Starting point is 00:23:53 Ordinarily, Burford doesn't reveal much information about the cases in which it invest, but this is so public and so material to your results that you guys have discussed this quite a bit. So I'm hoping, can we just do a one minute overview? What is the YPF case? What's the brief history of it? Where do we stand now? And what's next? So YPF is a publicly traded energy company that's owned by the Argentine government.
Starting point is 00:24:22 It was privatized a number of years ago. Argentina then re-nationalized it. And as it renationalized it, it breached its promises to shareholders to tender for their stock in YPF. As a result of that, large holders in the stock suffered financial distress because the share price collapsed. In particular, our clients, the Peterson clients, went bankrupt, and we were appointed by the Spanish bankruptcy court to try to get relief for their creditors. In doing so, we brought a case on behalf of those creditors in federal court in New York. That case has gone all the way through the trial process. And ultimately,
Starting point is 00:25:03 produced a final judgment that is now on appeal, that final judgment in the trial court was for a little bit over $16 billion. And the reason that number is so high is simply because YPF was worth a lot. And there is a formula for calculating that tender offer price that Argentina simply didn't pay. So all the court did ultimately was fined that both Argentina was liable, and the court used the formula to calculate the tender offer price. And you guys have been working on this case for eight or nine years now. So you mentioned Argentina has found liable for about $16 billion in damages. Of that amount, Burford is owed a bit more than $6 billion, which is more than double the company's
Starting point is 00:25:46 market cap. So the market is obviously skeptical about your ability to actually collect cash from Argentina. So I know you probably don't want to say too much here, but is there anything you could share that might give us some insight into your ability to enforce that judgment against Argentina? Well, I think it's not so much a question of enforcing the judgment, but we do a lot of judgment enforcement around the world. And one of the characteristics of enforcing judgments is that that is a process that inherently discounts the face value of those judgments.

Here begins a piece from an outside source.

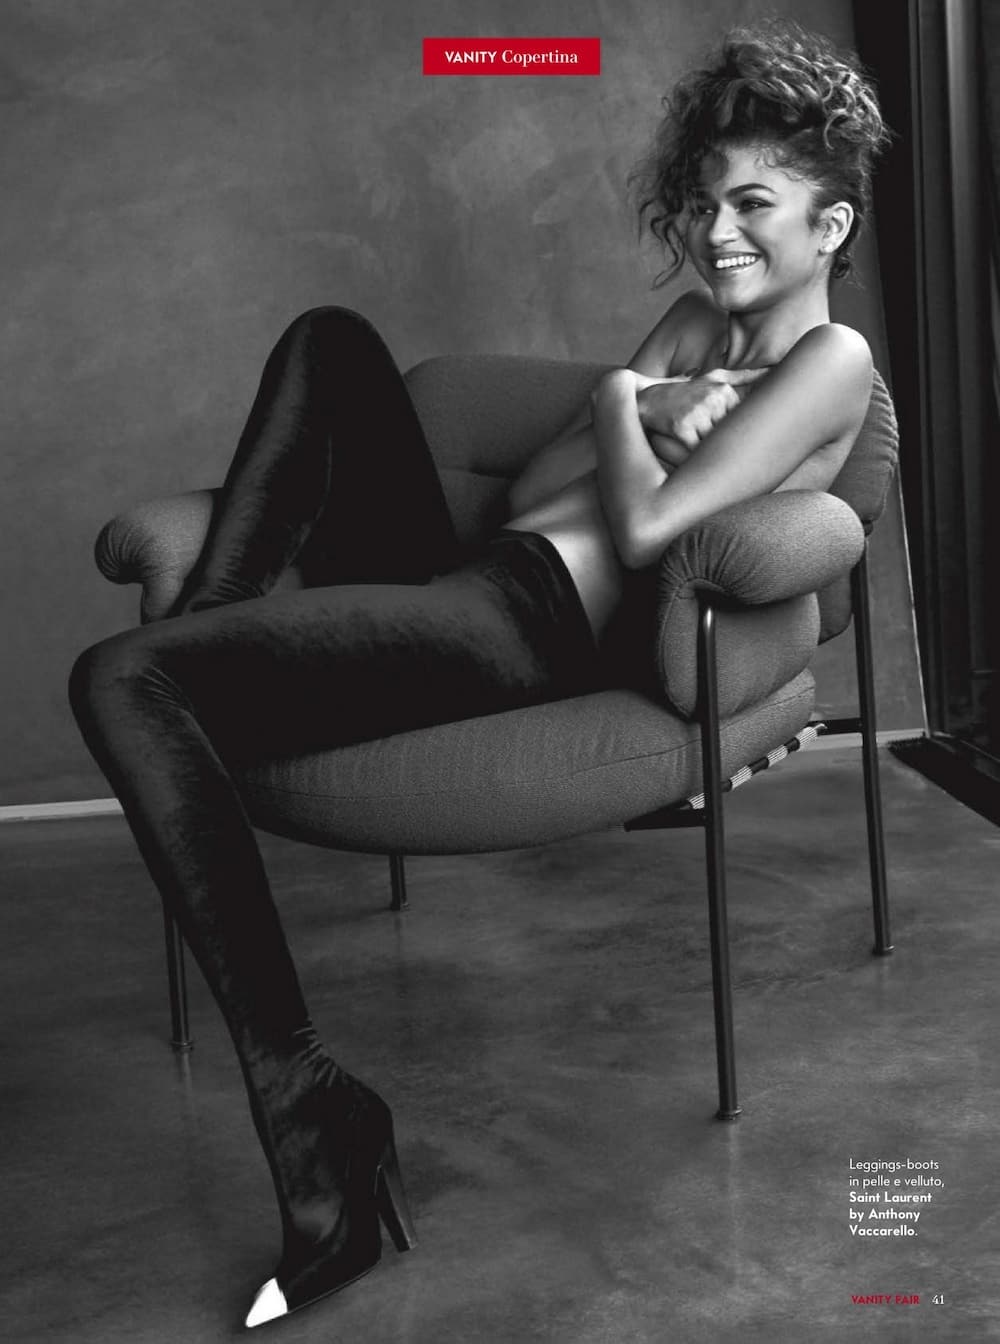 Hot Zendaya Coleman posed topless wearing just black velvet pant in the photoshoot for the Vanity Fair Italia magazine’s 13 October 2021 Edition.
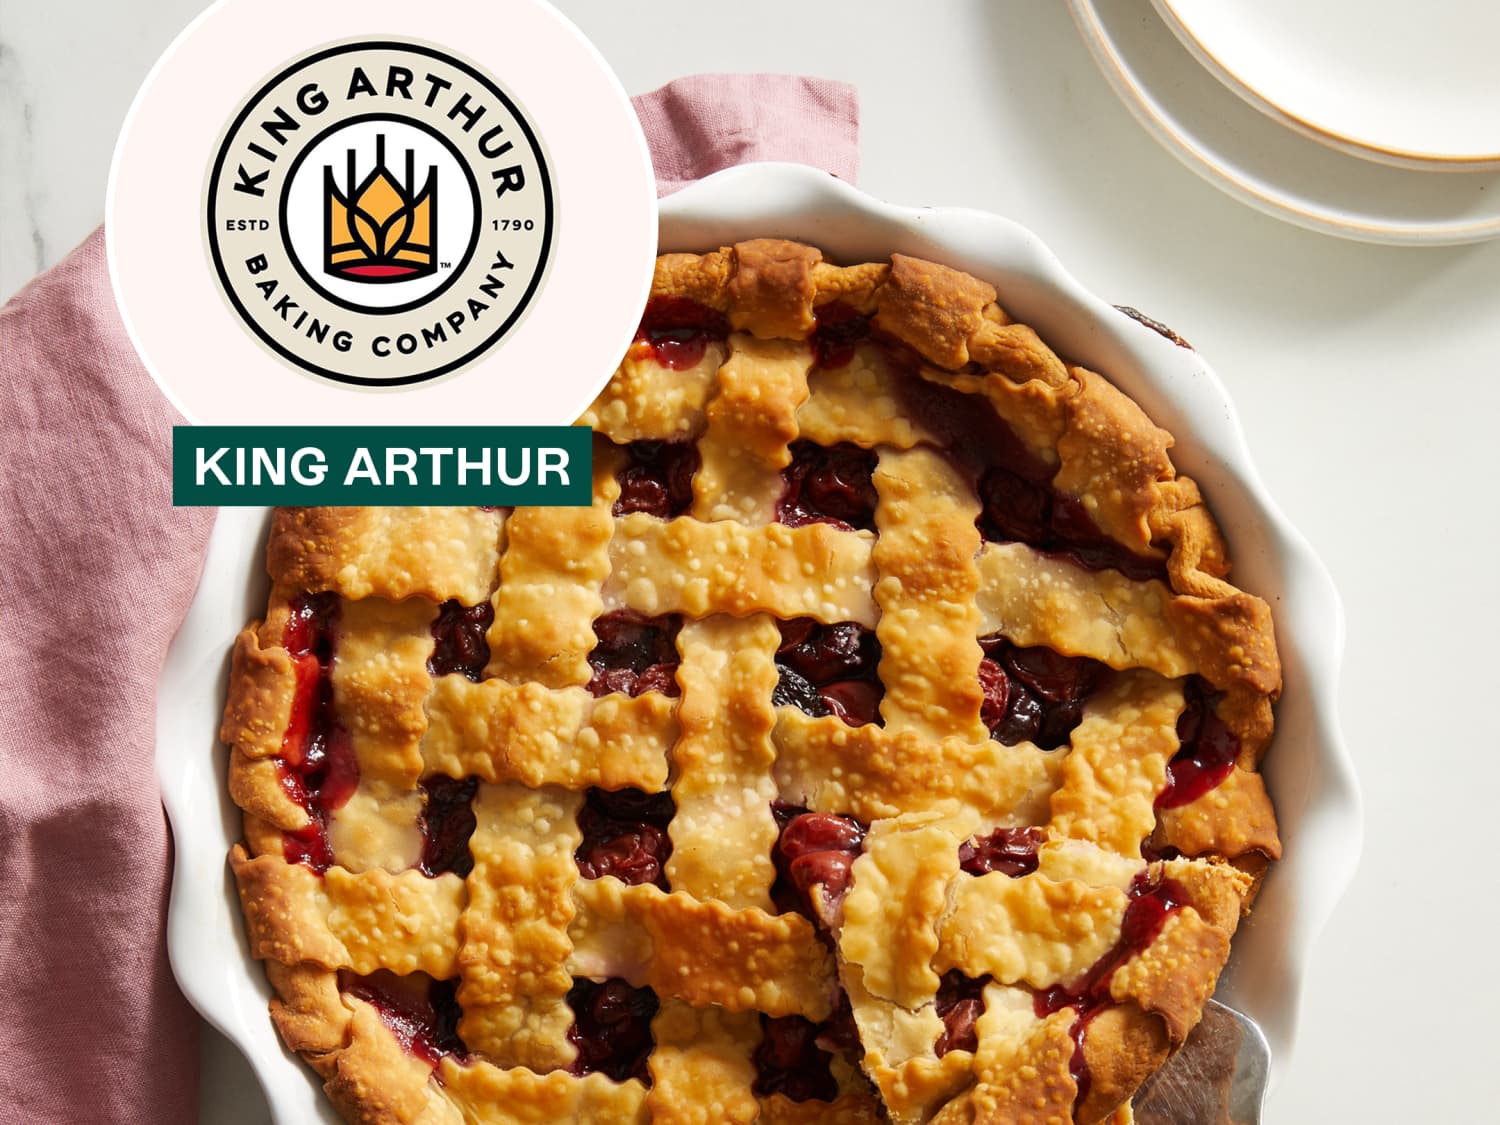 King Arthur Baking Company on Instagram: We put our reputation on the line  when we assure you that this Melted Butter Pie Crust recipe is quick,  dependable, AND doesn't require rolling out

Starting point is 00:26:21 And so even though you've got a judgment sitting there for $16 billion, ultimately, you'd expect that judgment to be paid through a negotiated process with Argentina, and that negotiation is going to result in a discount to that face value. I don't know if you can comment on this or not. Argentina's got a new president. Is there anything you can say about how that might impact your ability to collect? Well, only just to say, and it's obviously early days the new president isn't even in office yet. But only to say that during the course of the presidential campaign,
Starting point is 00:26:55 campaign, you know, this judgment because of its size did come up, and the new government's position was Argentina needs to take care of its debts. As always, people on the program may own stocks mentioned, and the Motley Fool may have formal recommendations for or against. So don't buy or sell anything based solely on what you're here. I'm Dylan Lewis. Thanks for listening. We'll be back tomorrow.